:: SOURCE DATA
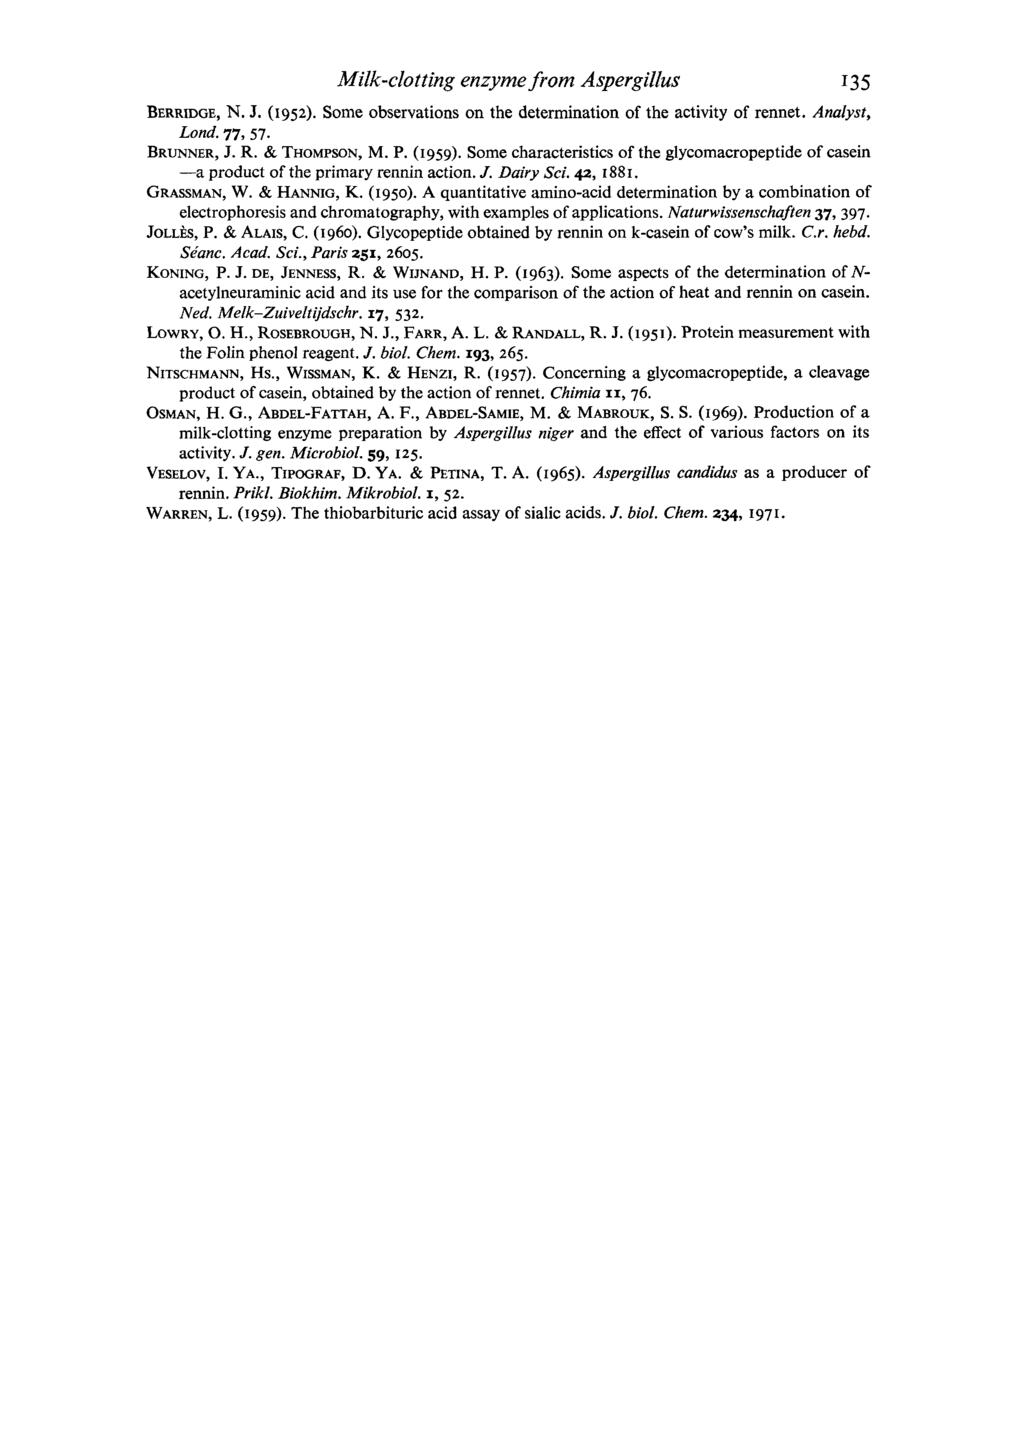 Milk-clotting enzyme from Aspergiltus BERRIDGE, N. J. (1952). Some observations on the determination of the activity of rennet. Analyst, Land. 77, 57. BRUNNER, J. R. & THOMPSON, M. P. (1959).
::::
:: SOURCE DATA
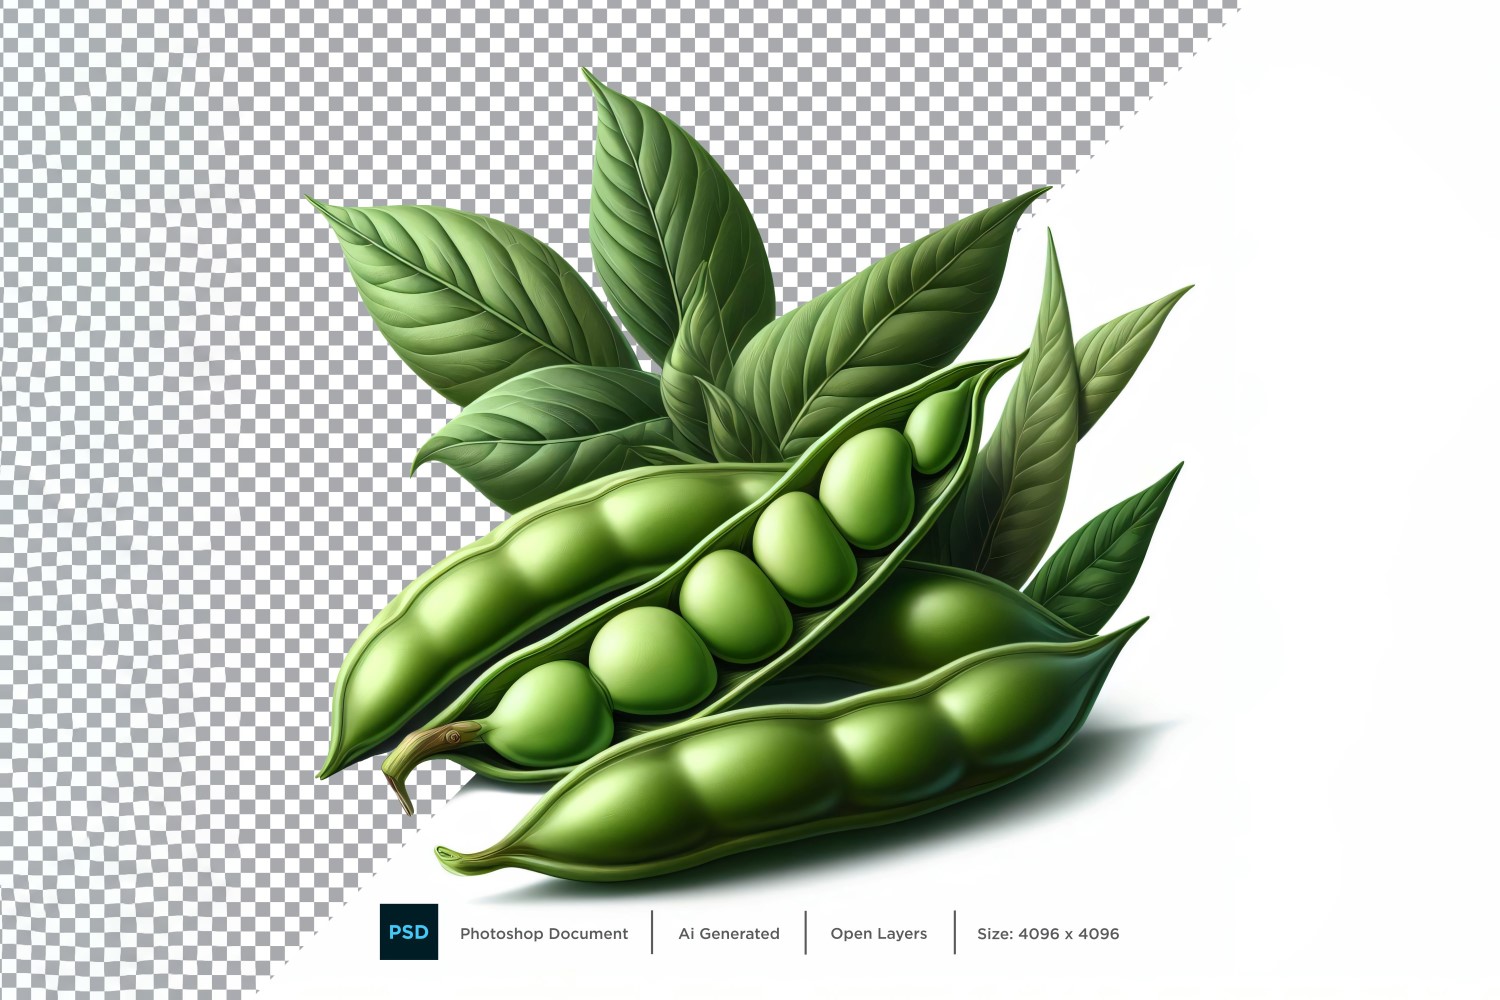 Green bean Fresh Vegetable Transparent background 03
::::
:: SOURCE DATA
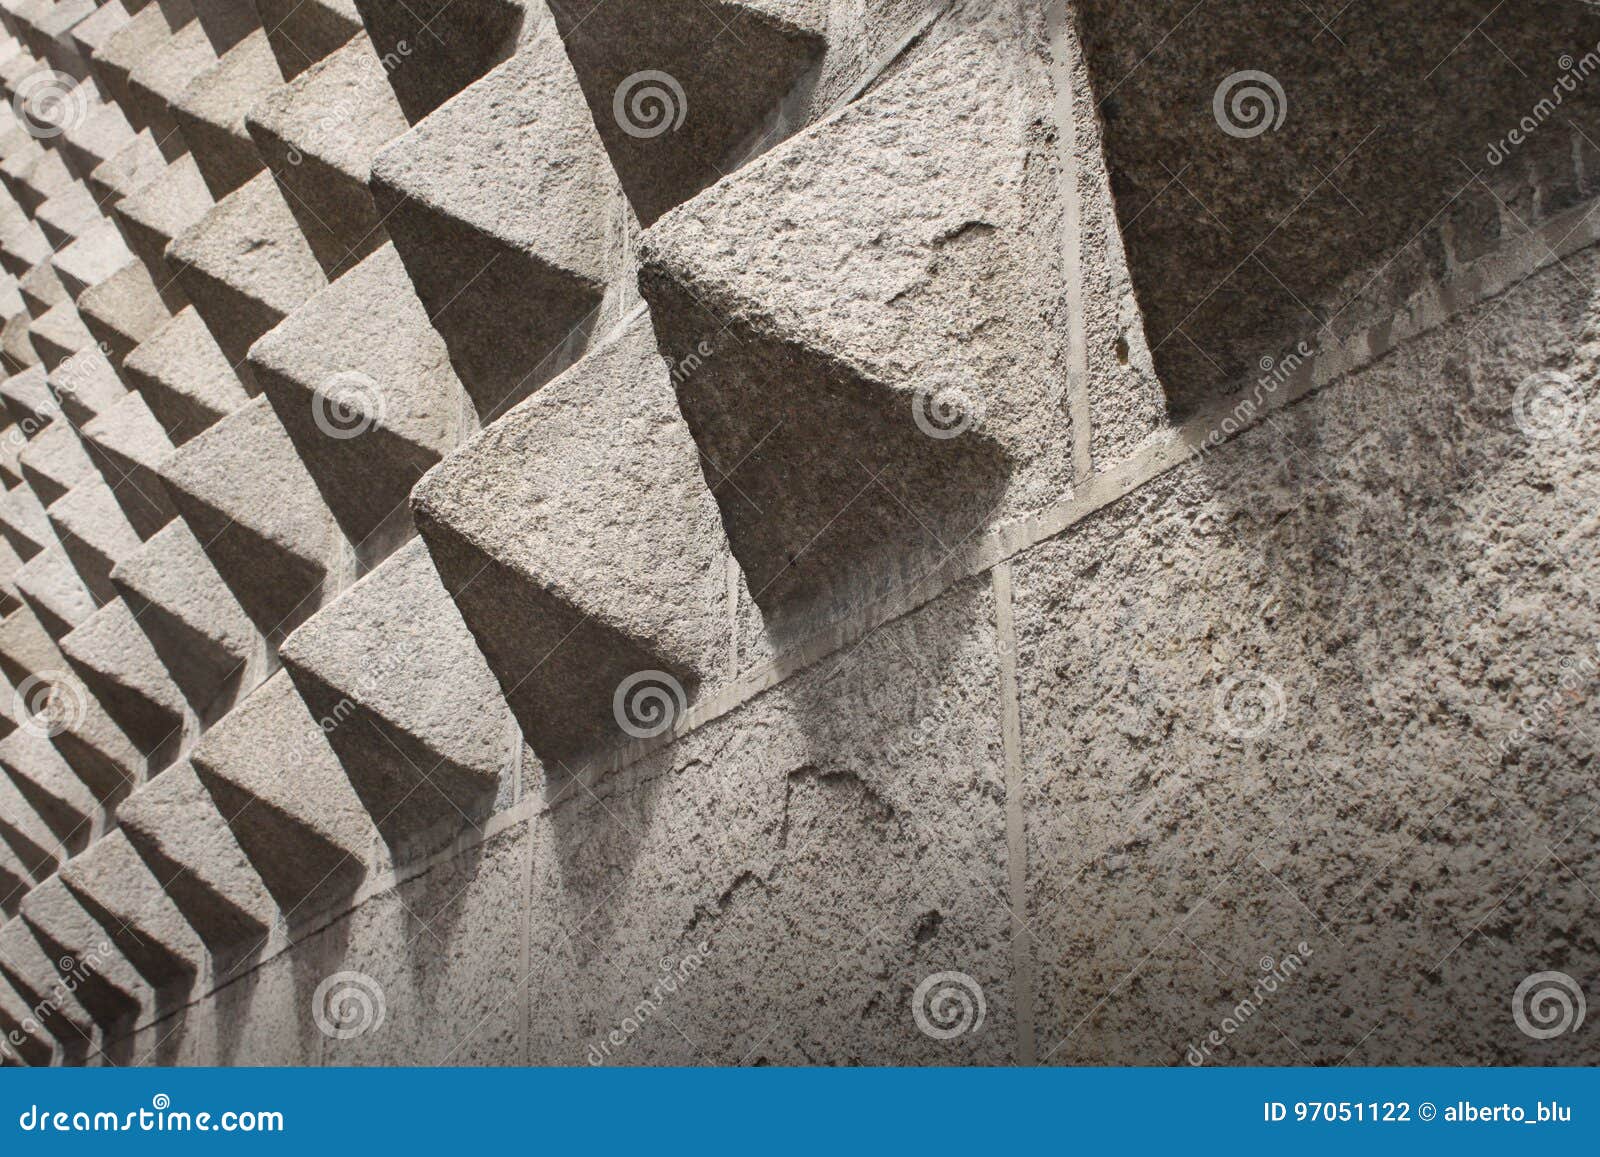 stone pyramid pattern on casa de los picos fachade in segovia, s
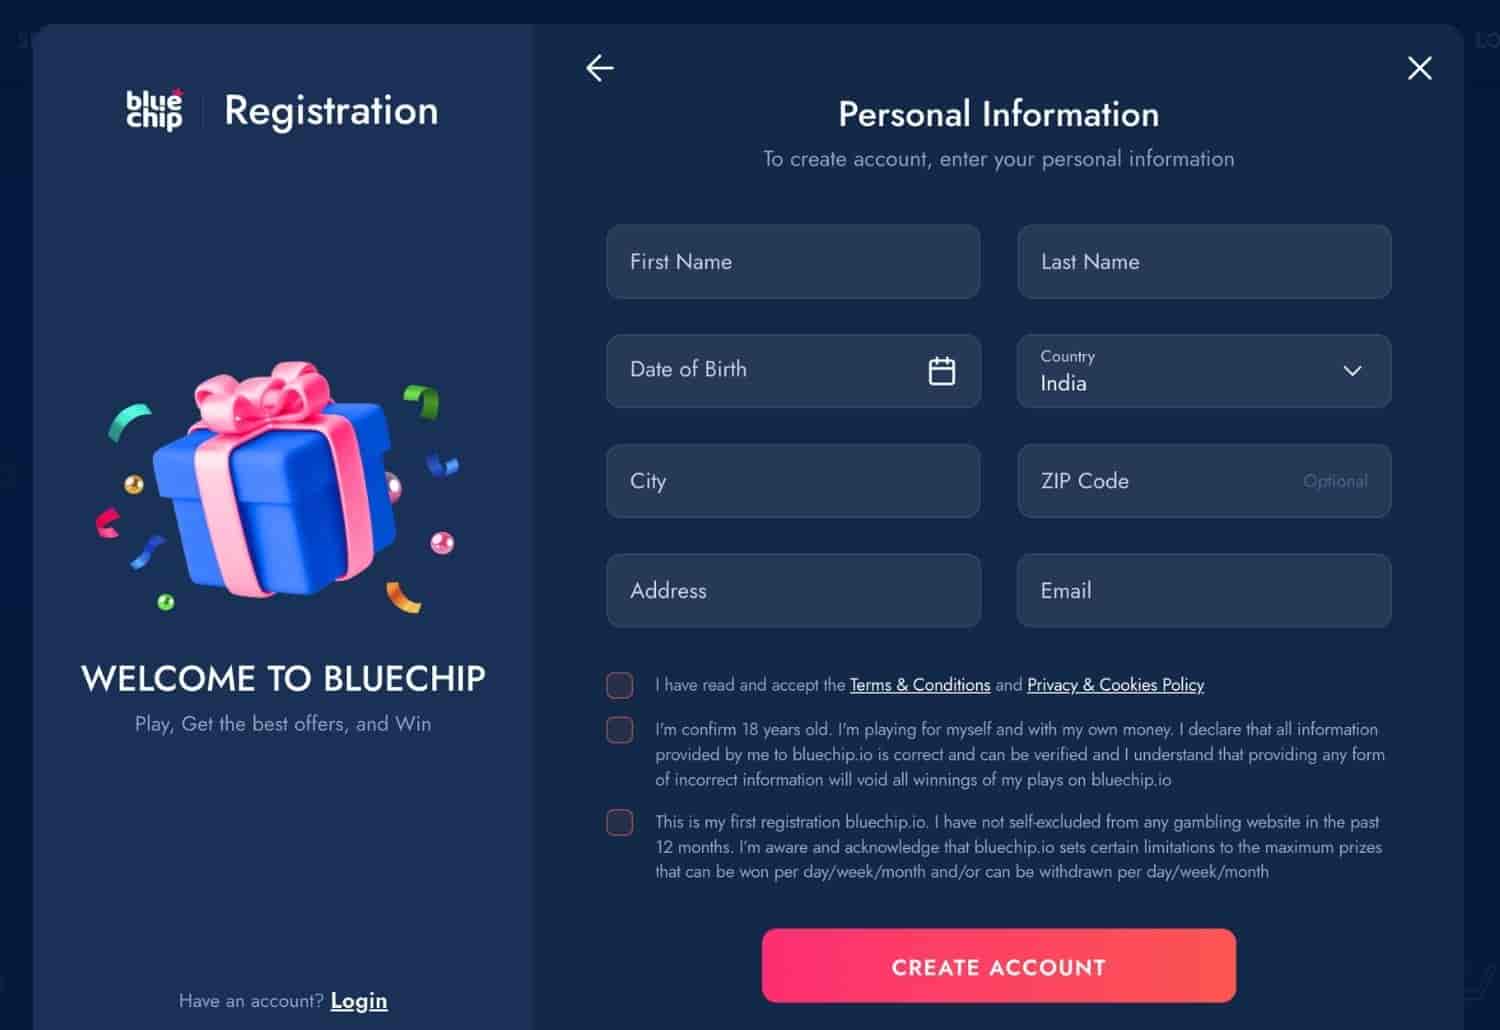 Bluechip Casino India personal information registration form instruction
::::
● **TASK STATEMENT**:
Copy nothing but the lines above that run from the one with "stone pyramid pattern" to the one with "Bluechip Casino India", ends included; pictures stay out.

● **ANSWER SPACE**:
 stone pyramid pattern on casa de los picos fachade in segovia, s
 Bluechip Casino India personal information registration form instruction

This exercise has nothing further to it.